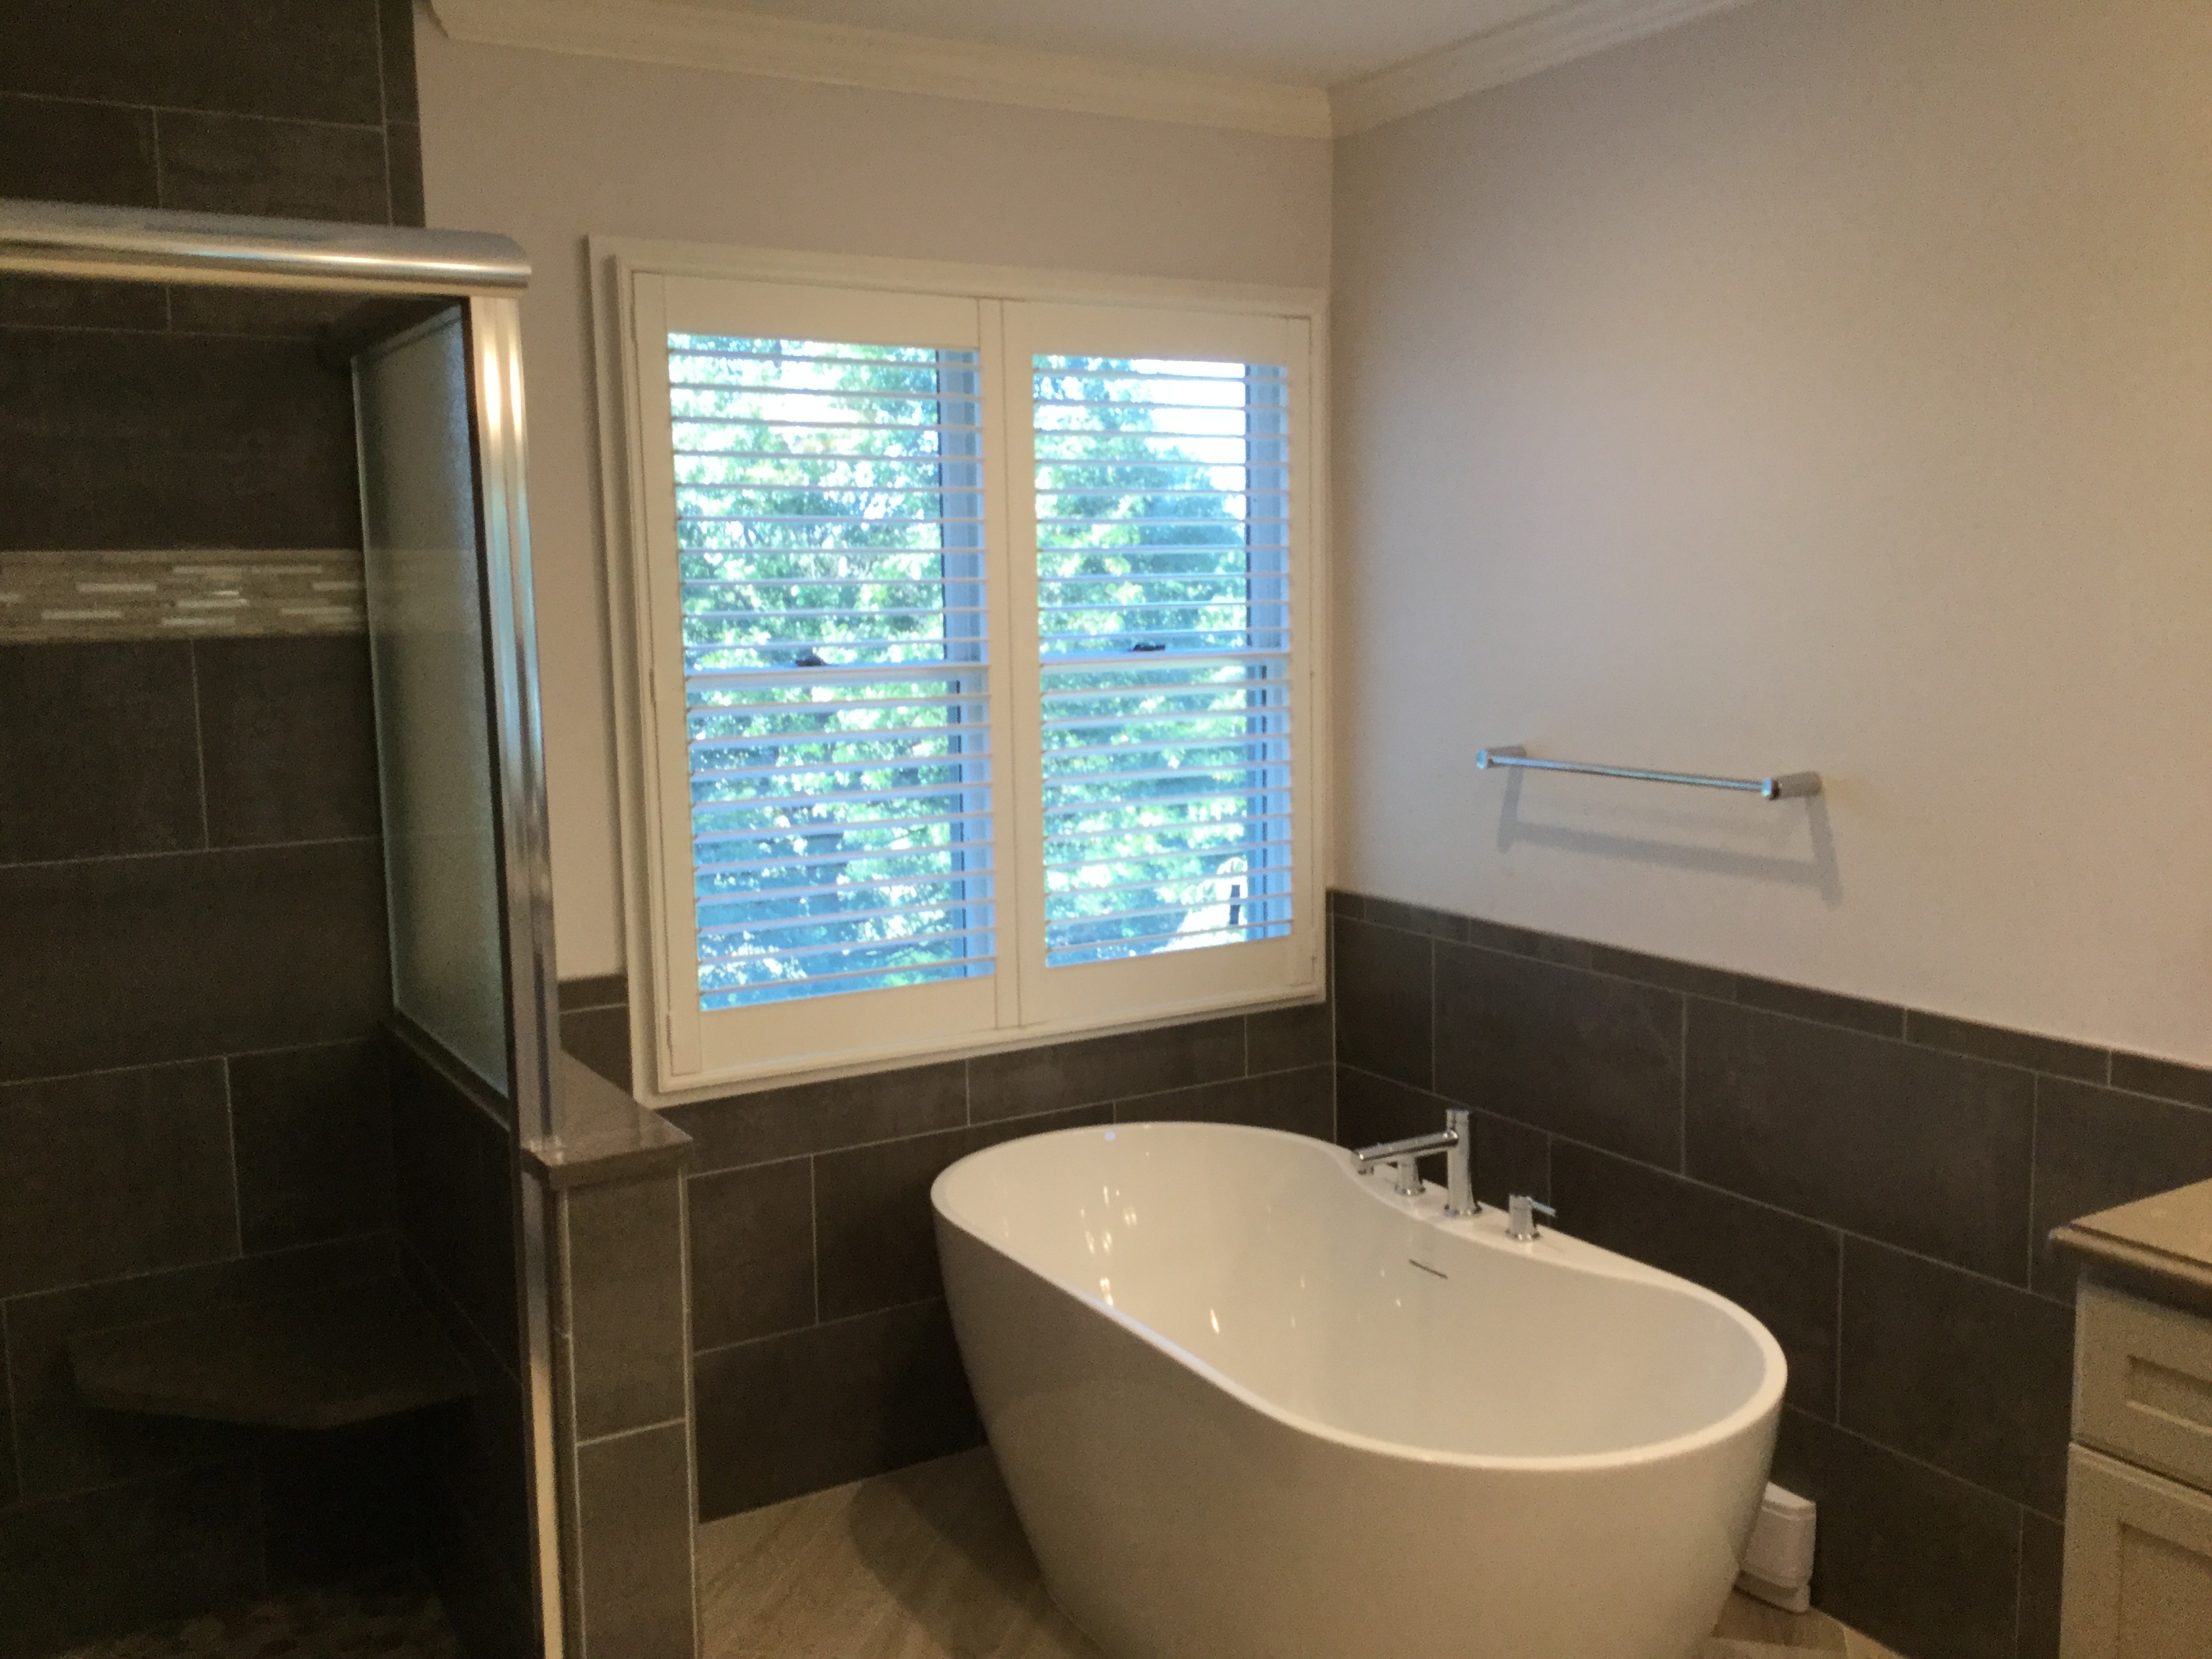 Interior Shutters by Budget Blinds of Phillipsburg compliment this classic designed bathroom so well. They add a simple touch of timeless beauty while allowing you to enjoy optimal privacy!  BudgetBlindsPhillipsburg  ShutterattheBeauty  FreeConsultation  InteriorShutters
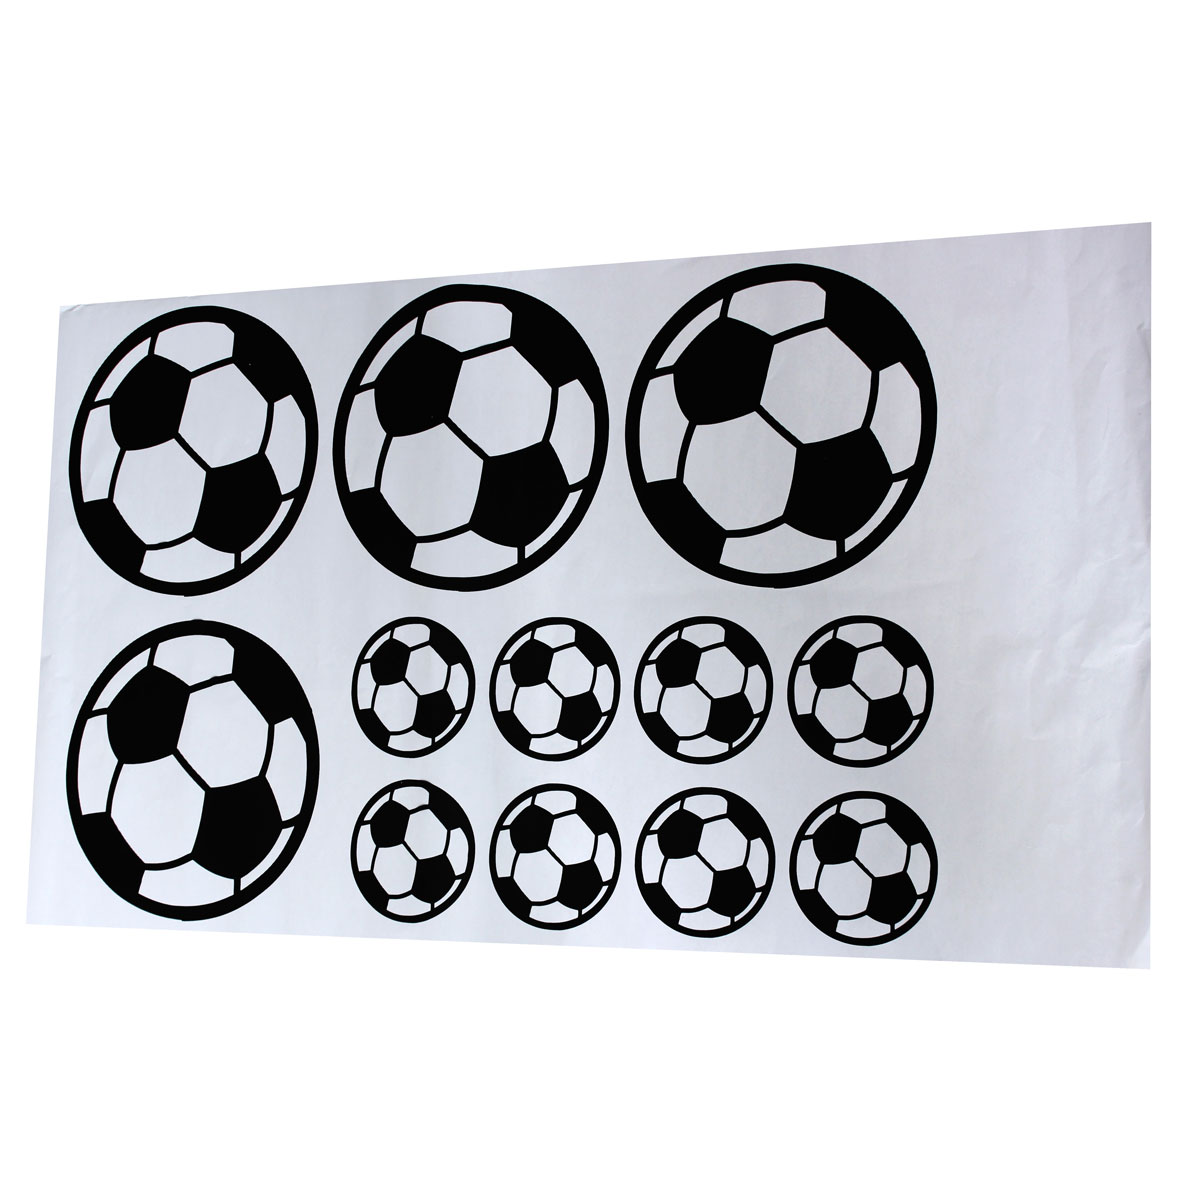 12PcsSet-Football-Soccer-Wall-Stickers-Children-Nursery-Kids-Room-Decals-Gift-Home-Decorations-1470248-3
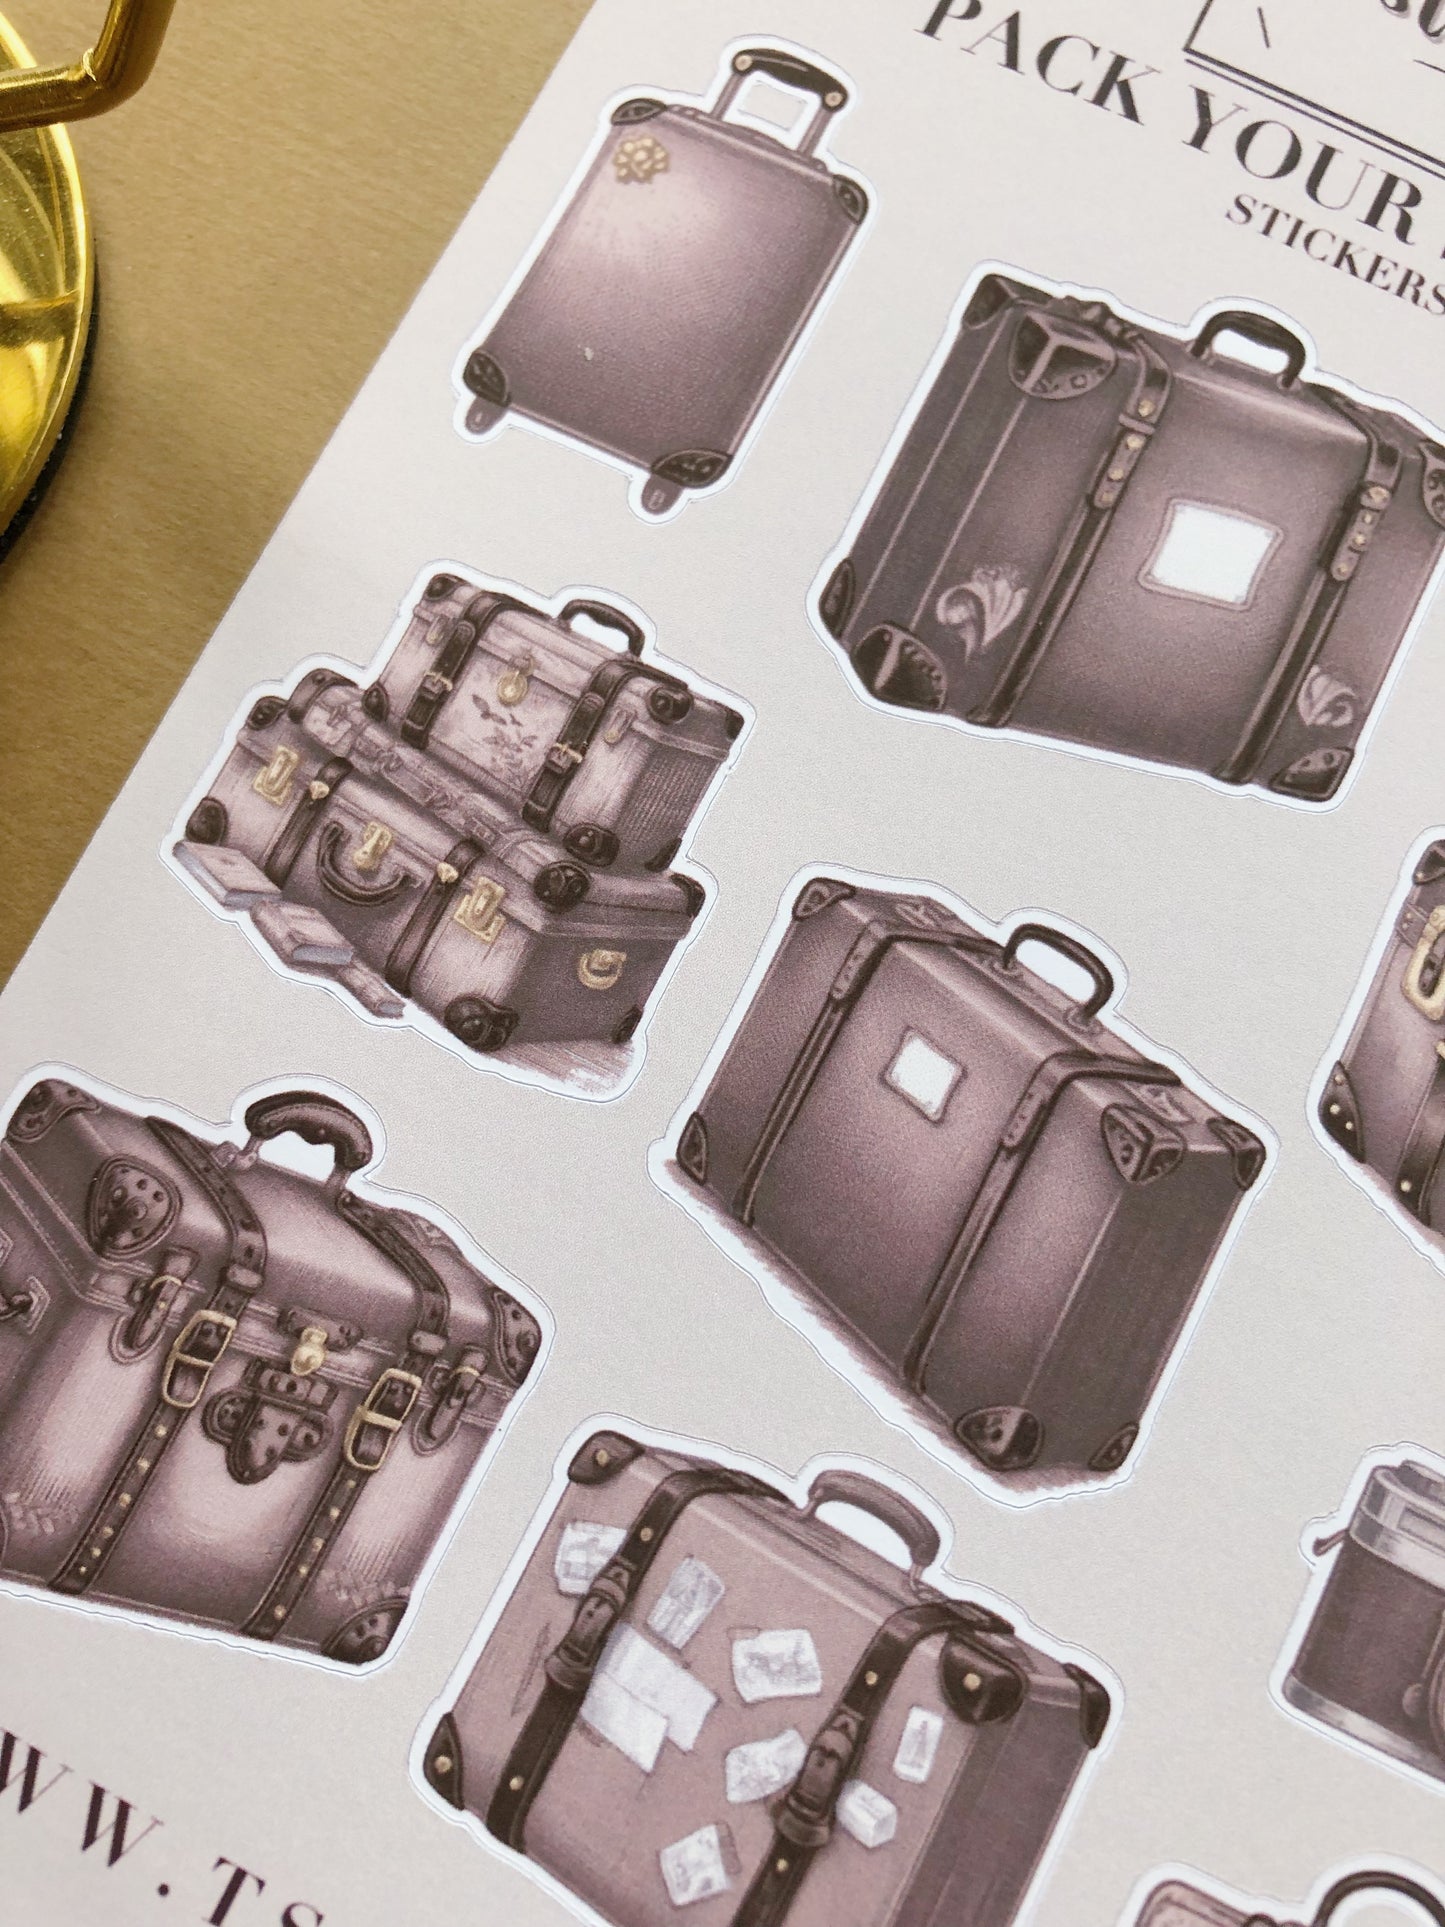 "Pack Your Suitcases" Sticker Sheet

Assignment
The preceding listing is to be restated word for word, with every picture omitted.

Output of the exercise
 Interior Shutters by Budget Blinds of Phillipsburg compliment this classic designed bathroom so well. They add a simple touch of timeless beauty while allowing you to enjoy optimal privacy!  BudgetBlindsPhillipsburg  ShutterattheBeauty  FreeConsultation  InteriorShutters
 12PcsSet-Football-Soccer-Wall-Stickers-Children-Nursery-Kids-Room-Decals-Gift-Home-Decorations-1470248-3
 "Pack Your Suitcases" Sticker Sheet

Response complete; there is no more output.